In a commentary appearing in JAMA Oncology in response to Sutphen and her colleagues' report, Steven Narod of the Women’s College Research Institute in Toronto wrote that the results, while interesting, "may not be a relevant guide for the future," given the rapid pace of change in the field.

For example, BRCA-specific tests are now being supplanted by panels that cover not only BRCA, but also a range of other familial cancer risk mutations.

Other companies, like Color Genomics and Veritas Genetics, have recently begun offering saliva-based BRCA and other tests through the mail.

"Now that genetic testing is available for $200 or $300, most women can afford testing out of pocket… we might expect a ratio of 100 or more negative test results for each positive. We cannot expect to counsel 100 women for the sake of one positive result, so other forms of knowledge transfer (e.g. print or electronic media) need to be explored," Narod argued.

According to Sutphen, the issue of potentially broadening or altering paradigms for counseling patients seeking BRCA and other cancer risk mutation tests rests on whether patients can be effectively counseled in other ways than through a formal session with a genetic counselor, a question she said is still open.

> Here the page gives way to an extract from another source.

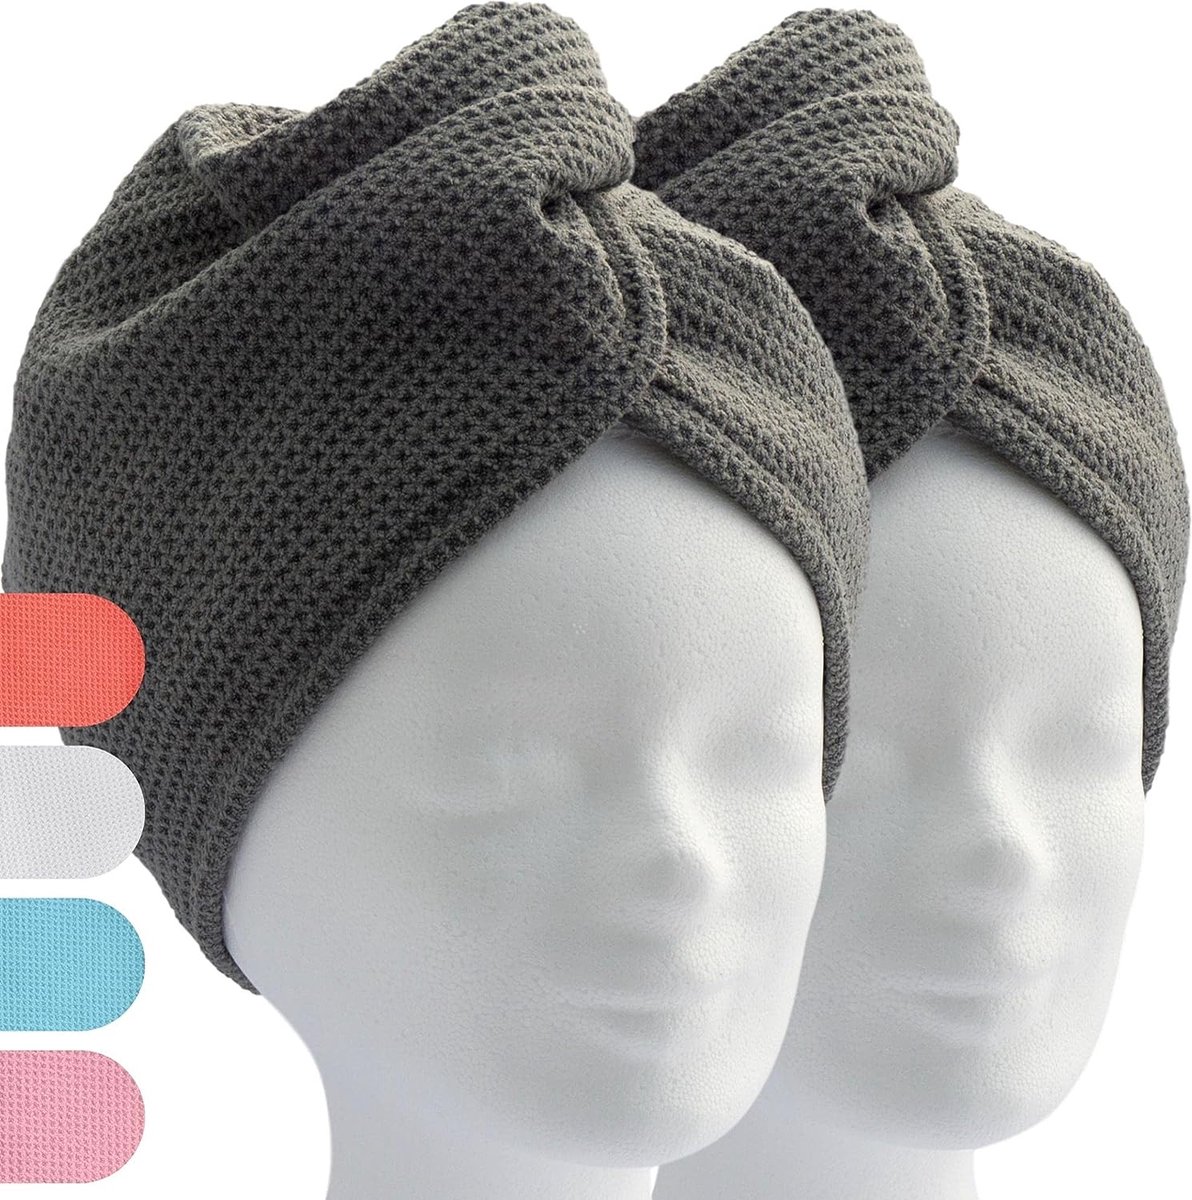 haartulband, tulband handdoek met knoop (2 stuks, antraciet/grijs) microvezel handdoek voor hoofd en lang haar
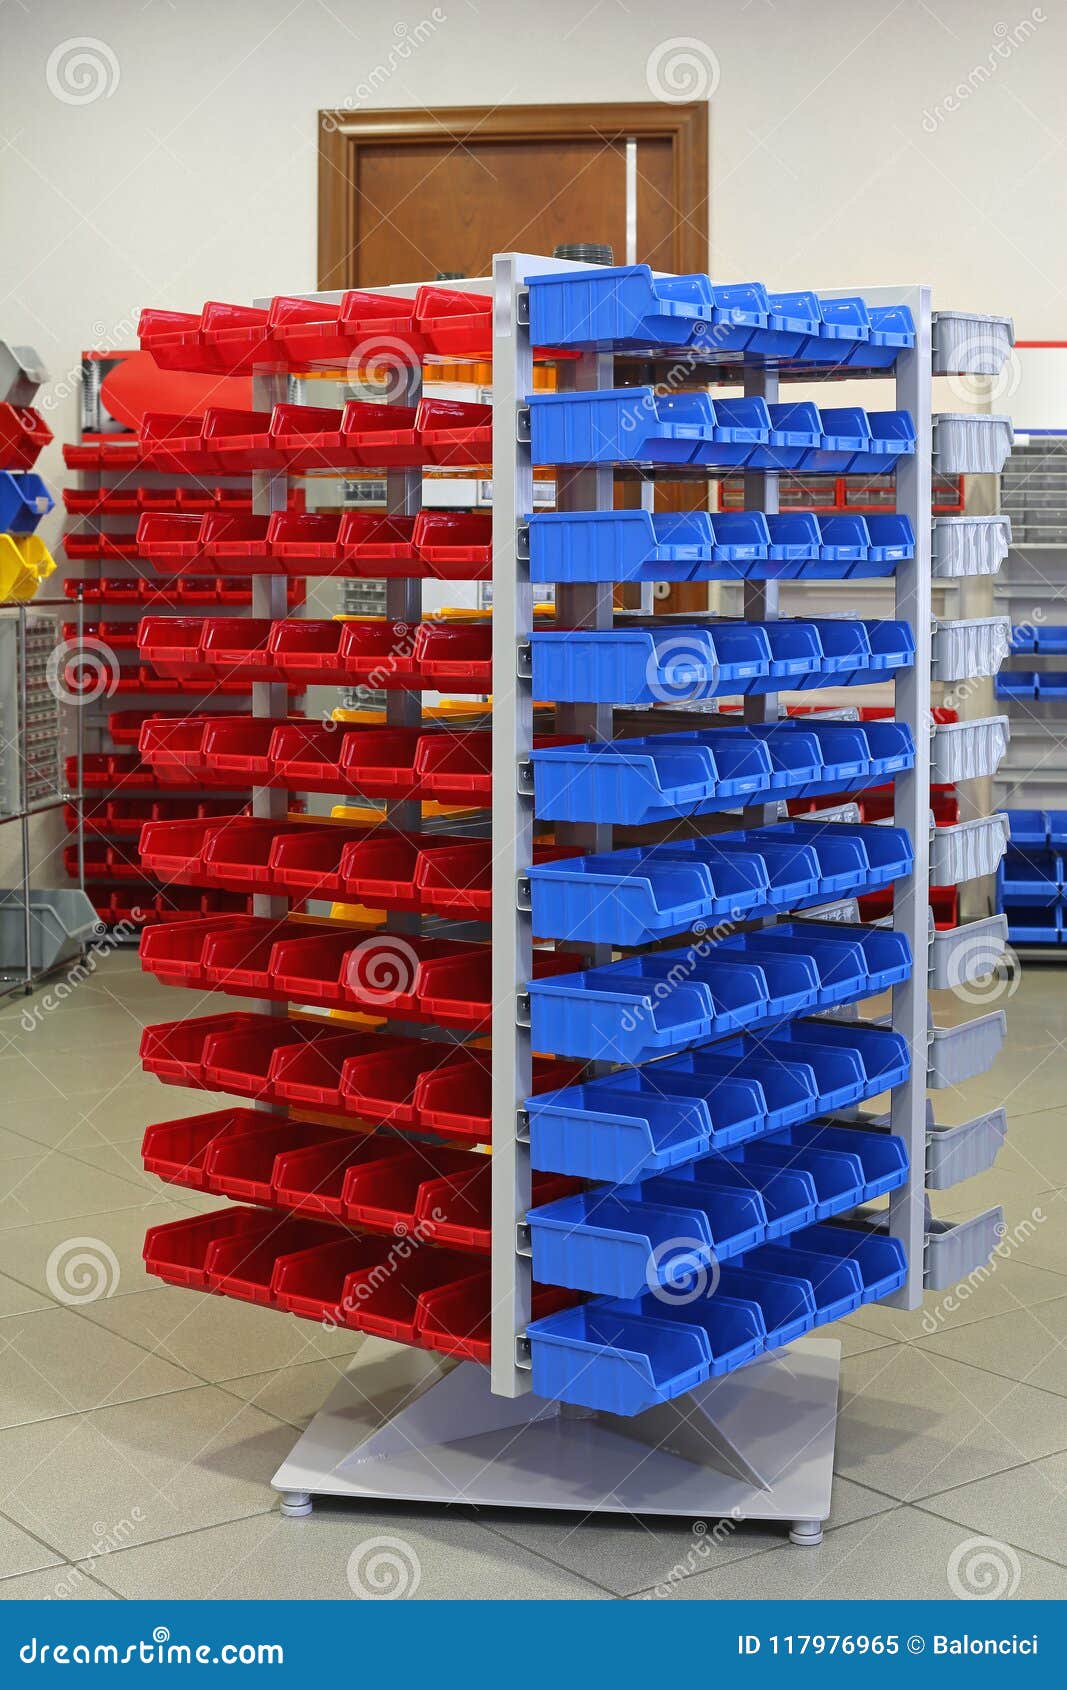 Workshop Storage stock image. Image of workshop, logistic - 117976965

"We know that if you focus on trained genetics professionals, there are clear national certification programs for those professionals … but what isn't so clear is [which] additional healthcare providers might have the necessary expertise or experience to provide genetic counseling and to do so systematically," she said.

In their study, she and her colleagues saw a benefit in trained genetic counseling over the absence of such counseling — whether a complete lack of one-on-one counseling all together, or potentially some more informal advisement by a physician or other healthcare provider, or through written or electronic materials.

However, the results of the Aetna study didn't drill down to look at different modalities of counseling — whether over the phone or in person — or to see if there were differences in the experiences and outcomes of patients who were not counseled by a professional but may have received other types of advisement or information.

According to Narod, alternatives to one-on-one counseling like printed or online materials need to be explored. Moreover, as testing expands past BRCA to large panels incorporating 20 or more genes, "it will be daunting to cover all possible outcomes with a pretest counseling process" of any kind, he wrote.

According to Sutphen, regardless of the debate over what kind of genetic counseling should be done, or whether current recommendations are appropriate, the fact is that the existing guidelines are not being followed.

Beyond being recommended, counseling is also mandated as a preventive service, to be covered in full by insurers under the Affordable Care Act, she added.

"I try to look at this from the patient perspective," she said. "Genetic counseling for BRCA testing in women with a family history is a preventive service … [but] it's safe to say [from our results] that many women may not know what it is, or what the benefits may be, or how to access it … so when you look at it from a patient point of view, our problem is in insuring that as many women in America as possible are aware of those options."

In his commentary, Narod also argued that the Aetna study has little to say about the impact of traditional trained counseling — or its absence — on outcomes beyond patient understanding and satisfaction.

Sutphen and her team now plan to study exactly that, and are currently collaborating with Aetna on a National Institutes of Health-funded study looking specifically at the utilization and outcomes of genetic testing among newly-diagnosed breast cancer patients, she said.

In addition to collecting patient reported outcomes the team will examine health claims data to actually see the choices made regarding initial or subsequent surgery, screening, and other changes in treatment and how that corresponds to patterns in counseling.